— RECORDS FOR THE EXERCISE —
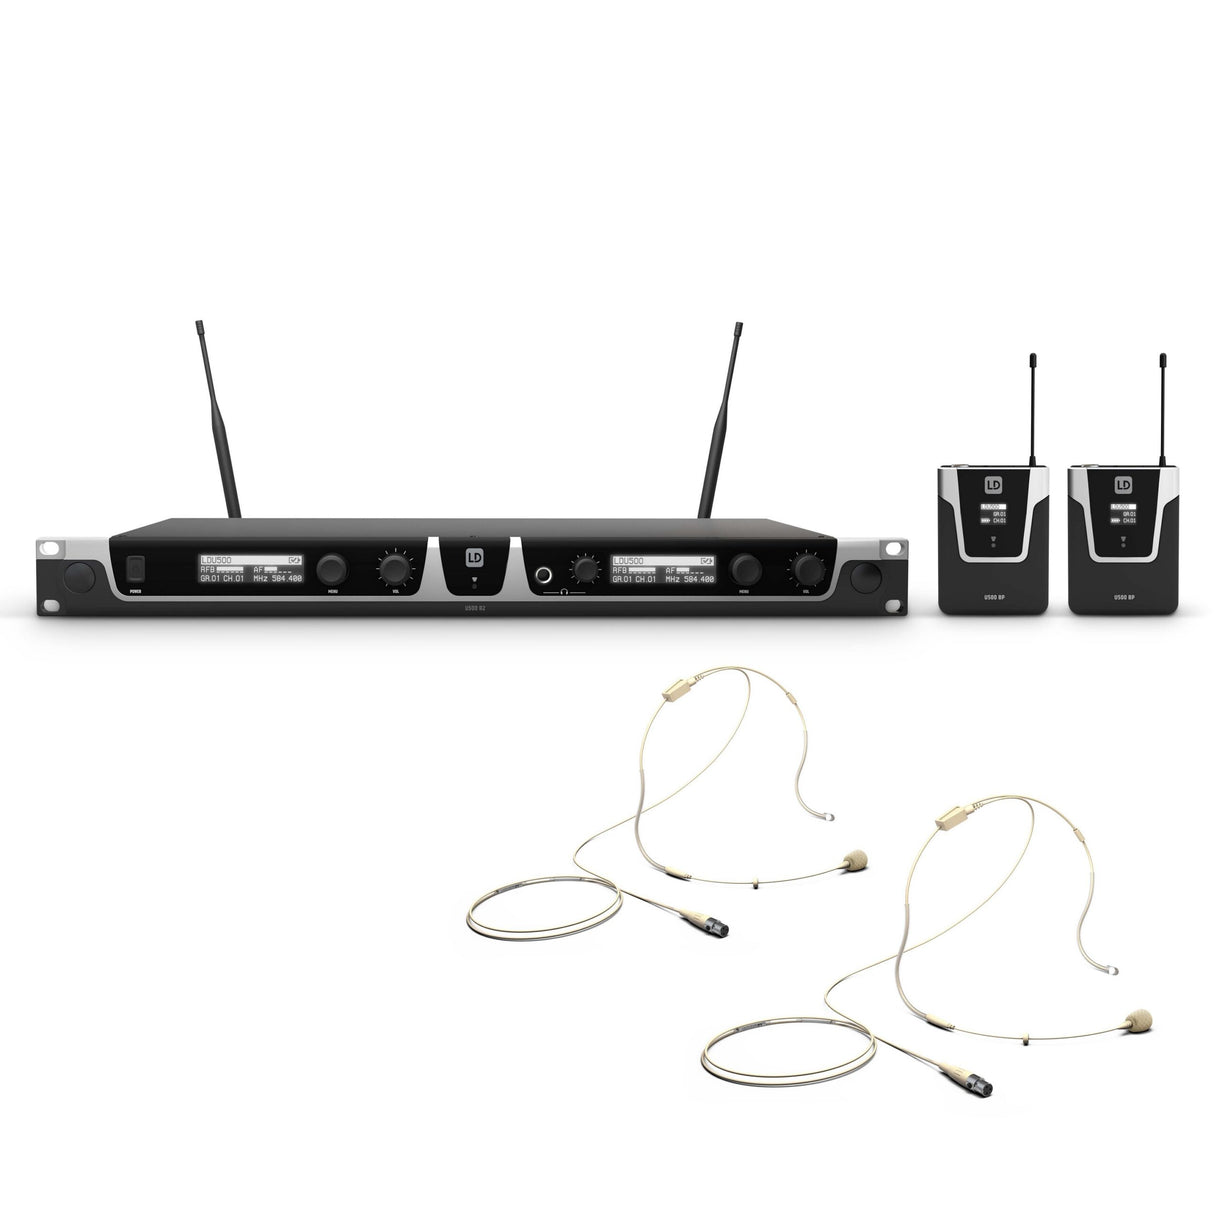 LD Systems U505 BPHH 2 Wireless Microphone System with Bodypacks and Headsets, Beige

* * *

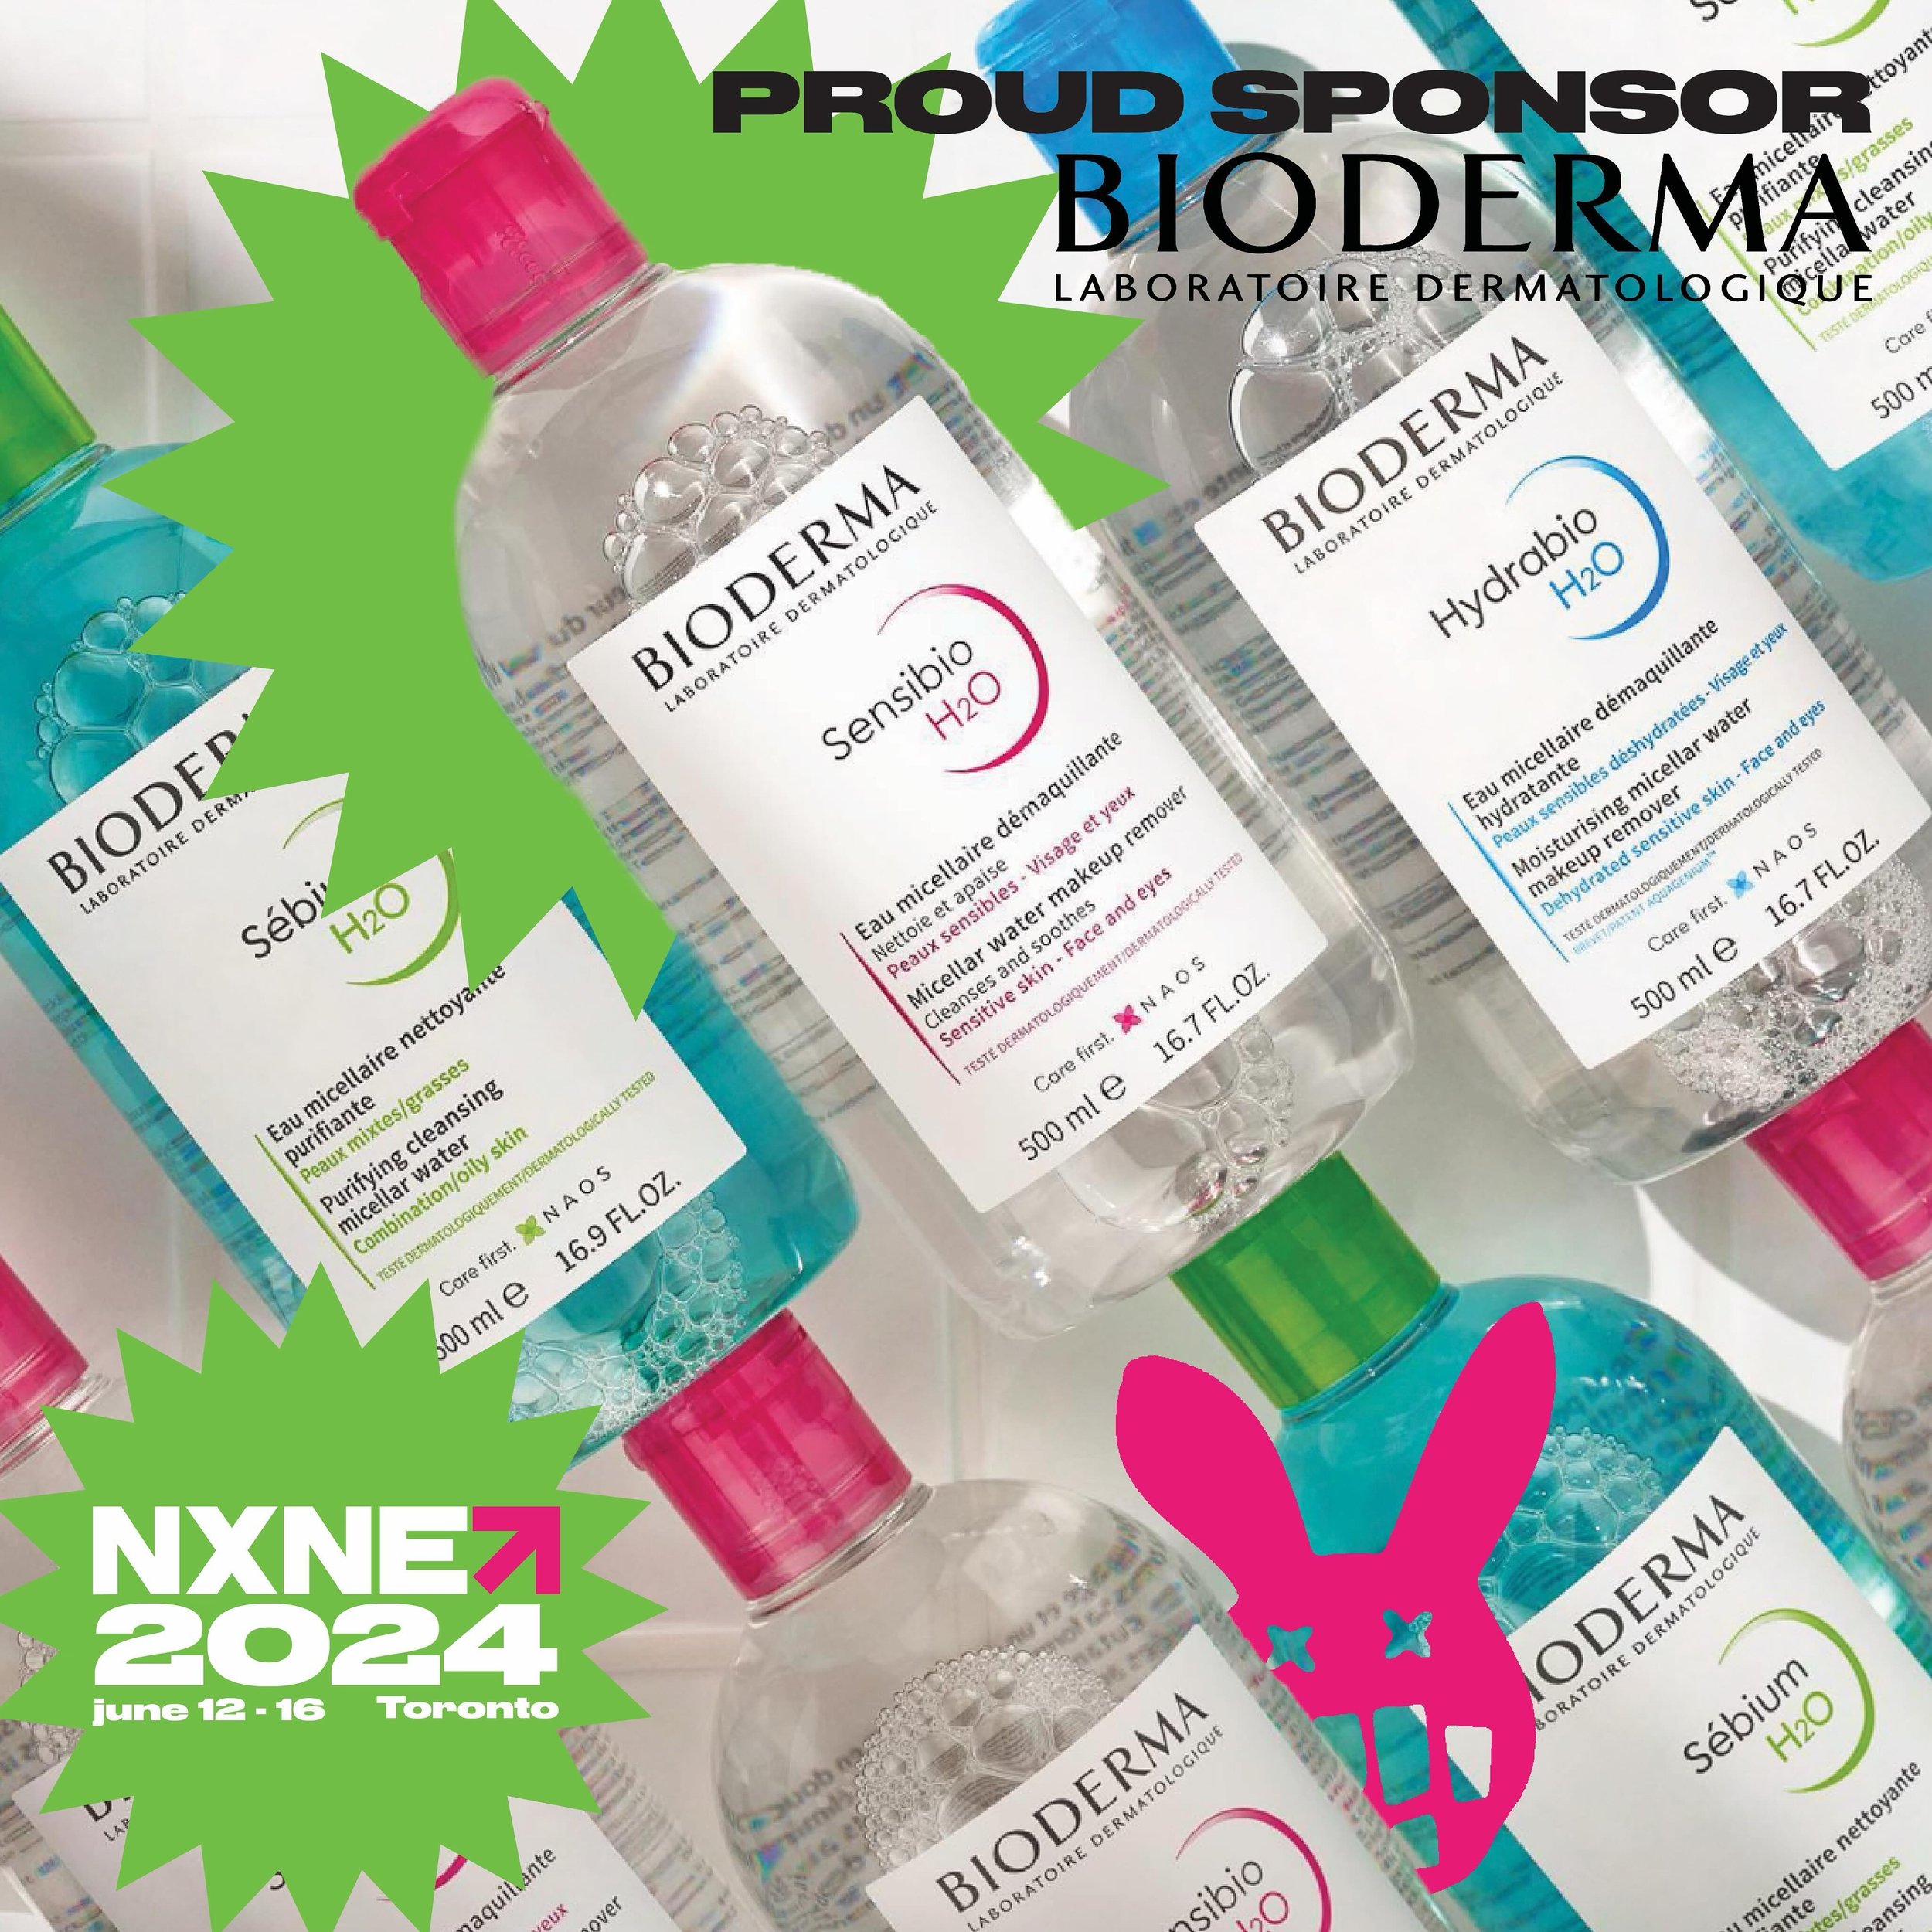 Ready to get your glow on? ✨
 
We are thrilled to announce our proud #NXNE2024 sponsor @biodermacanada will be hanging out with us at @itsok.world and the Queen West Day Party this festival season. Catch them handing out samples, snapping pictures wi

...

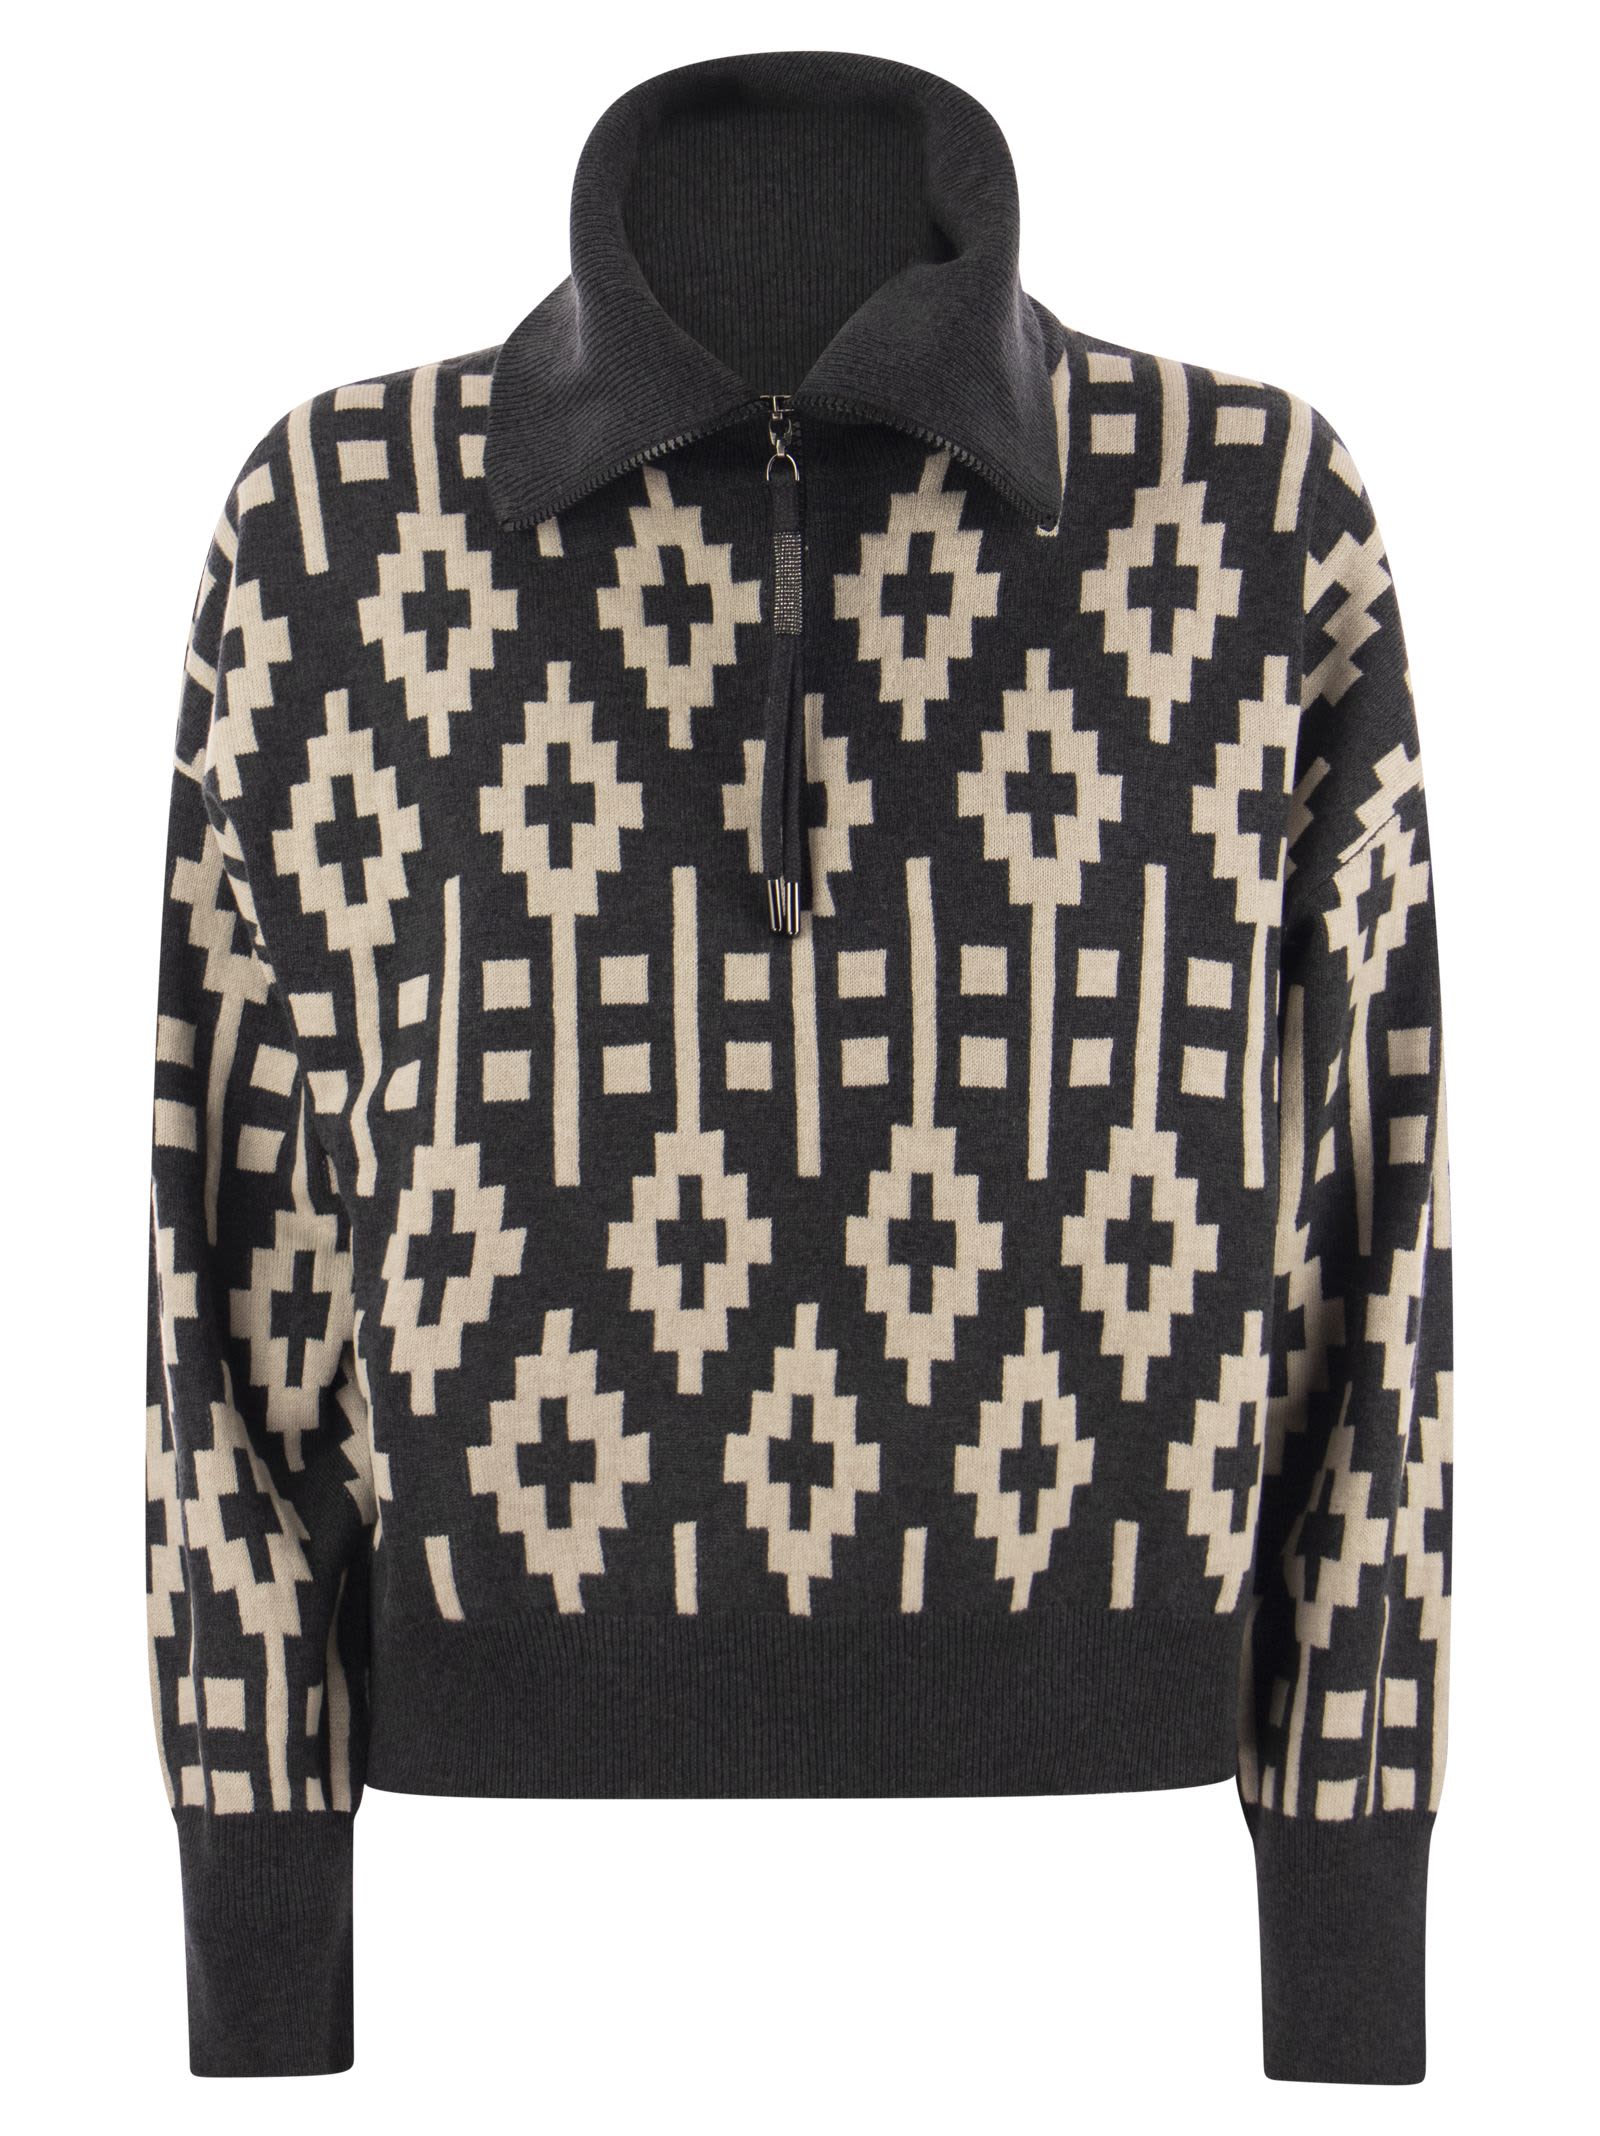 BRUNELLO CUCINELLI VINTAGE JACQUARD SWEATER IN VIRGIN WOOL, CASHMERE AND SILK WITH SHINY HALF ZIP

— YOUR TASK —
Give back exactly the lines above that run from the one with "Ready to get your glow on? ✨" to the one with "We are thrilled", including both, with the pictures left out.

— EXERCISE RESPONSE —
 Ready to get your glow on? ✨
 
We are thrilled to announce our proud #NXNE2024 sponsor @biodermacanada will be hanging out with us at @itsok.world and the Queen West Day Party this festival season. Catch them handing out samples, snapping pictures wi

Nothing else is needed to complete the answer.